On the eve of Black History Month next week it is appropriate to acknowledge some of the many other abolitionists of Oak Bluffs. Hebron Vincent, one of the 1835 founders of the Camp Meeting Association, was a leading abolitionist who wrote a piece called A Vindication of the African Race that I believe is ensconced in the Martha’s Vineyard Museum library. His co-founder, Jeremiah Pease, was of like mind and his diaries recount many of the kind services he rendered to Oak Bluffs’ black people. Ebenezer G. Lamson, who built the Kedron Meadow home in Bellevue Heights, manufactured weapons used by the Union in the Civil War and was, like his neighbor Ichabod Norton Luce, an abolitionist. Luce had an even greater claim to fame as a boat builder who was friends with Frederick Douglass, a caulker at the time, in Mattapoisett. Douglass initially presented his first Vineyard speech to a group of white women and addressed the nation’s values of freedom, Christianity and economic opportunity. Robert Morris Copeland, who designed most of our historic district, was another abolitionist who was dismissed from the Union Army after he tried to build a training site for a black regiment. Like Douglass, Copeland recognized that women’s rights and slavery in the 1800s were human issues and was an avid supporter of women’s rights. Judging from last Saturday’s astoundingly successful Women’s March on Washington that proliferated all over the world that need, while still great, is far better recognized.
Support the Oak Bluffs School eighth grade class trip to Philadelphia by attending a family dance party at the school on Friday, Jan. 27 from 6 to 8 p.m. that includes games, a bake sale and live music by Serendipity. Tickets are $20 per family or $10 per adult and $5 for kids. Students must be accompanied by an adult.
This Saturday the Portuguese-American Club hosts a fundraiser for the MV Sharks and Vineyard Baseball with a fun evening of comedy, music, a silent auction and a 50/50 raffle. The event is $25 and features the comedy of Carolyn Plummer and Tony V. and the music of Johnny Hoy and the Bluefish. Hors d’oeuvres will be served, doors open at 7 p.m. and the show starts at 8. Unlike yard sales, to encourage early birds the first 100 people attending will be entered into a drawing for a prize valued at over $300.

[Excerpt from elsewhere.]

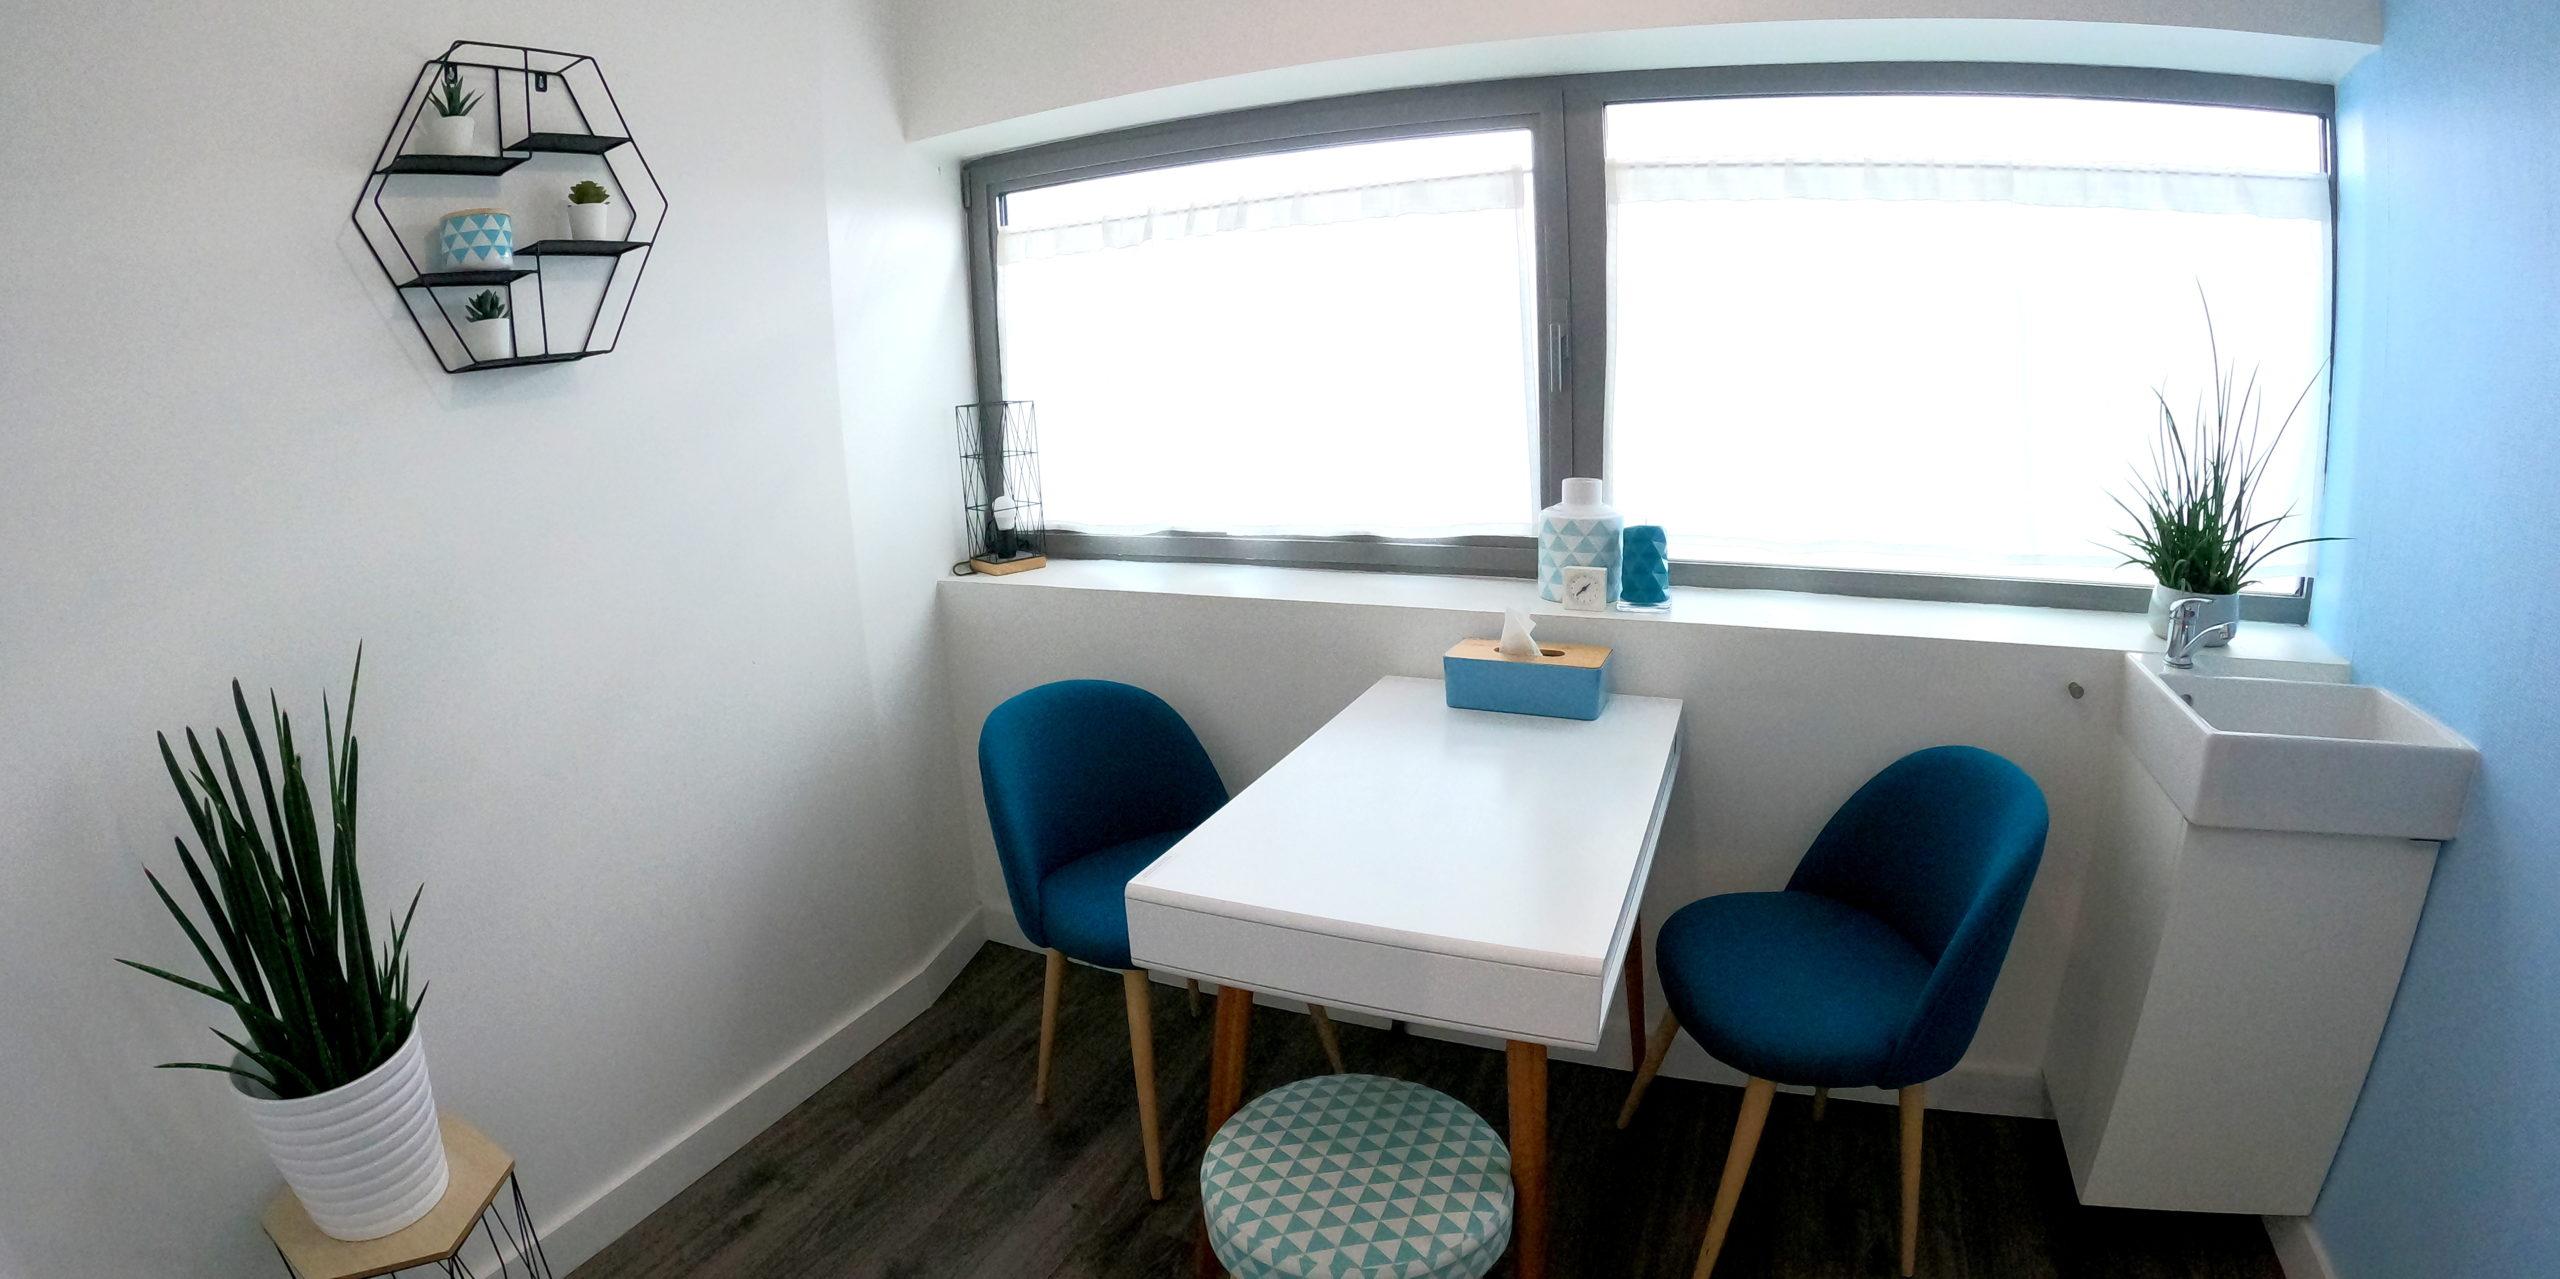 Centre-Libéal-Cabinet-paramédical-location-Cabinet-Bleu-Ciel-scaled.jpg
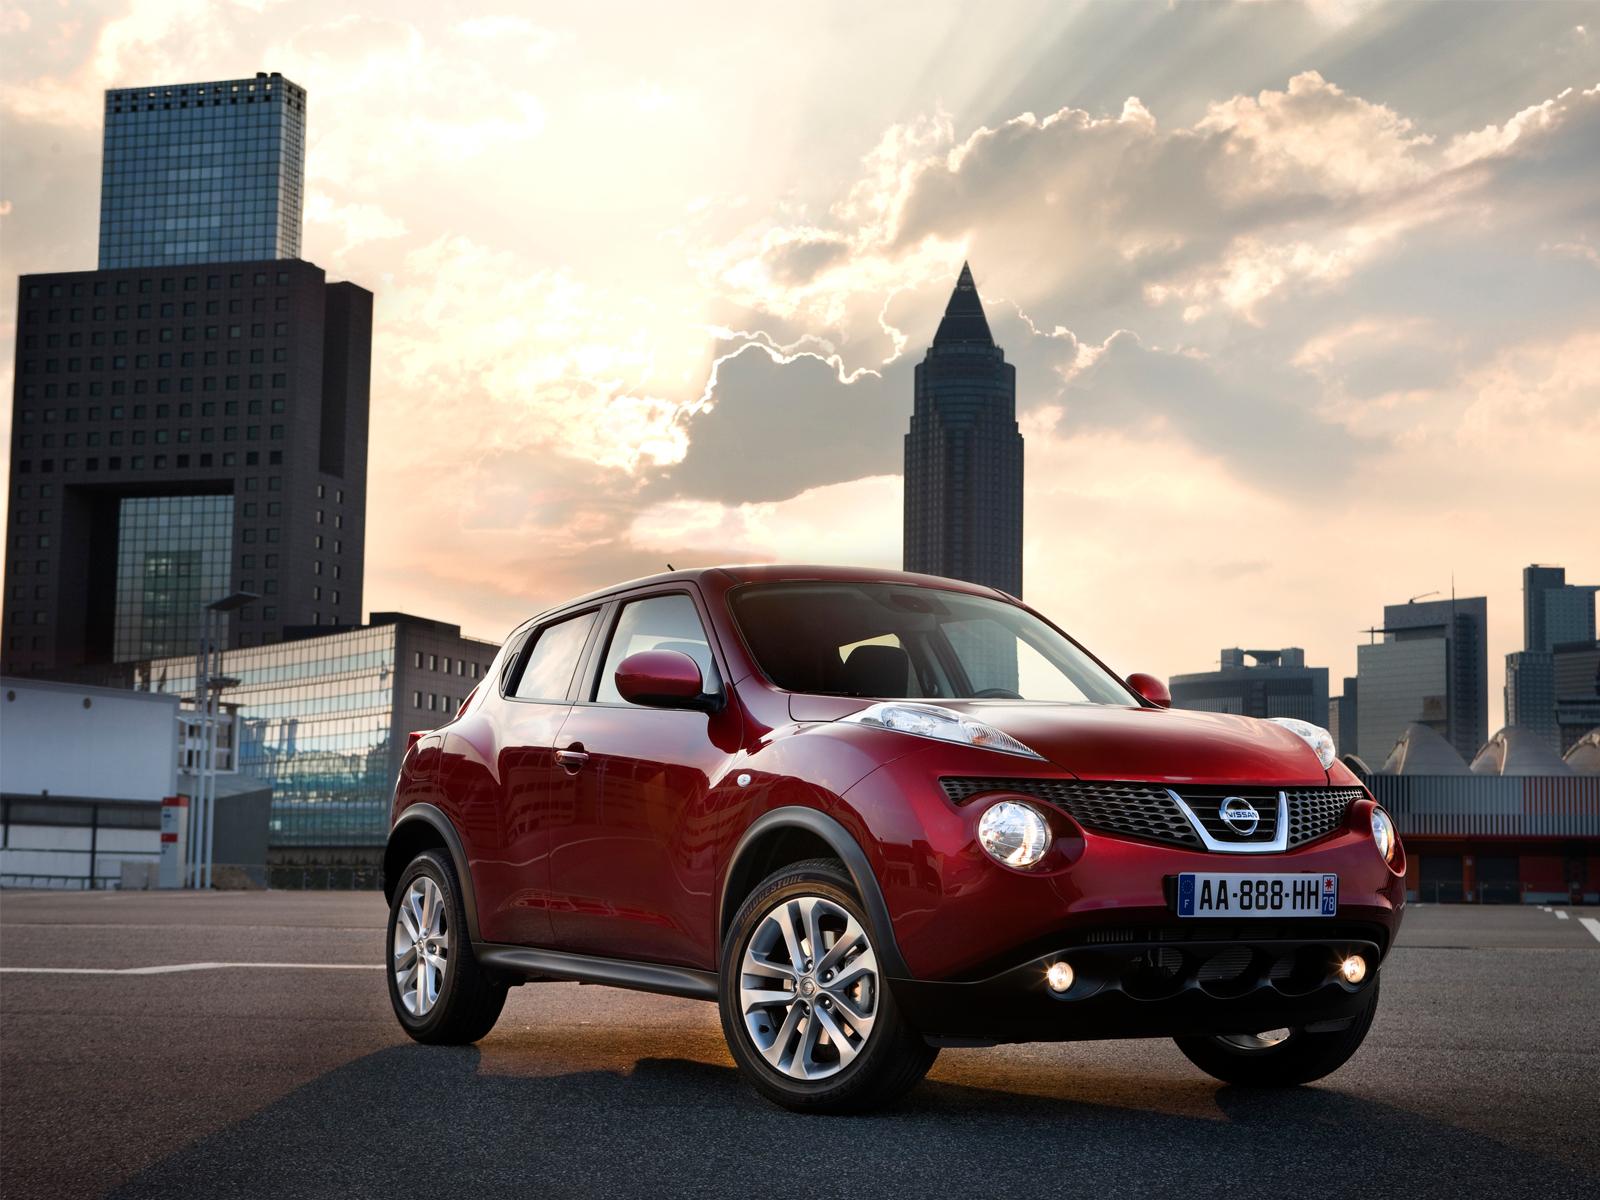 Фотографии Nissan Juke красный.

The town hall building committee has scheduled two open houses for Oak Bluffs residents, voters and friends. The first is next Wednesday, Feb. 1 from 10 a.m. to 5 p.m. at the town hall conference room. There will be documents, sketches and photos of the plans and for the physically able, a self-guided walking tour of town hall spaces, some not normally open to the public. Not all of our hand-me-down town hall is handicapped accessible. For another reason why a new town hall is needed, please use the restroom while you’re there. Light refreshments are included, and there will be another open house at the new fire and safety building March 1.
There’s another popular Dine To Donate at Offshore Ale on Thursday, Feb. 2 for lunch, dinner and take out to raise funds for Vineyard Power. There will be a silent auction for a bunch of cool and useful things.
Groundhog Day is next Thursday, Feb. 2 and at the library from 3 to 4:30 p.m. kids three and older can make a groundhog that pops up from the ground. Hey, OB library – time to update that website.
It’s coincidental that Linda Jean’s is closed for a long awaited break just as IHOP is advertising all you can eat pancakes. It’s ironic that this is the first time in a long while I’ve wanted to go off-Island.
Keep your foot on a rock.
Send Oak Bluffs news to sfinley@mvgazette.com.
Comments
Comment policy »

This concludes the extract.